Mumbai: With many big corporates sitting onhuge cash piles, regulator Sebi today said it wants listed companies to have a dividend distribution policy and hoarding  of cash should be discouraged. Sebi Chairman U K Sinha said the regulator is working on a proposal to encourage companies to distribute a certain amount of dividend among shareholders for a certain profit made by them.  He, however, added that this should not mean that the  entire cash should be distributed by the companies. 

"Nobody is asking that the entire cash should be paid, but there should be a dividend policy so there is some amount  of certainty that if a company is making an X percentage of  profit, then so much will be distributed.  "We are working towards it, and will take some time, it is in initial stage," Sinha said here at a conference on  corporate governance. The comments come at a time when a large number of  companies including Infosys, Bajaj Auto and Hero are said to  be sitting on large cash piles.
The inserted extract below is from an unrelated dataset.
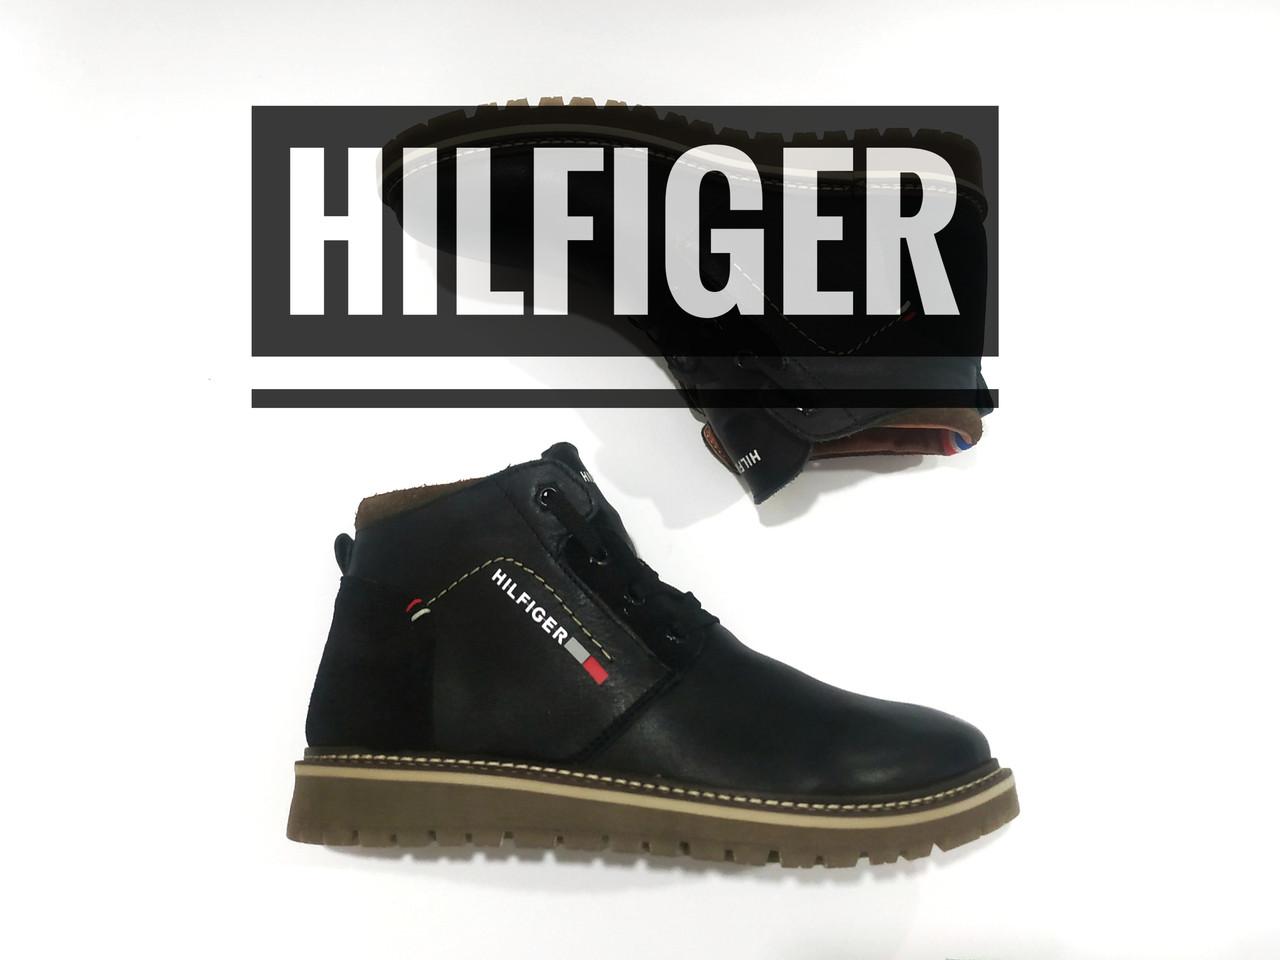 7fc012010 Распродажа! 40р. ❗ПОСЛЕДНИЙ РАЗМЕР❗ Высокие Кожаные мужские ботинки  Рантовые зимние в стиле

There have often been demands that companies with large cash balances should either  distribute dividend or use the cash for other business needs.  Noting that there is a strong investor sentiment worldwide against companies hoarding cash and being stingy  with dividend payouts, Sinha said Sebi is ‘looking at a method  to incentivise corporate India to have a dividend distribution  policy’. 

"The world over there is a strong demand and that you are  seeing at corporate boards and in annual general meetings  there is strong demand that cash hoarding should be  discouraged," he added.  Pointing out that there is "no declared dividend policy  in the country," Sinha said, shareholders have been demanding  that the regulator ensure that at least there is a dividend  policy. On the new delisting norms announced by the Sebi board last week, Sinha said the endeavor is to relax the regulations  and make it easier for the companies. Countering arguments that the new norms were more stringent than the previous ones, Sinha said, "I think they  have been relaxed.

Earlier, when we came through our takeover regulations, it prescribed that if you reach over 75 per cent  and reach 90 per cent, then to de-list you have to first bring  down your stake below 75 per cent and then you have to file  another paper for delisting. 

"There was a two stage process. Don't forget that now in  one stroke we have removed that requirement which means if a  company has decided to get de-listed they can indicate its  willingness right in the beginning. The two stage-process has  been reduced to one stage process now," he said.  Sinha further said that in the new process, there would not be any pricing pressure from the promoter groups or other  shareholders.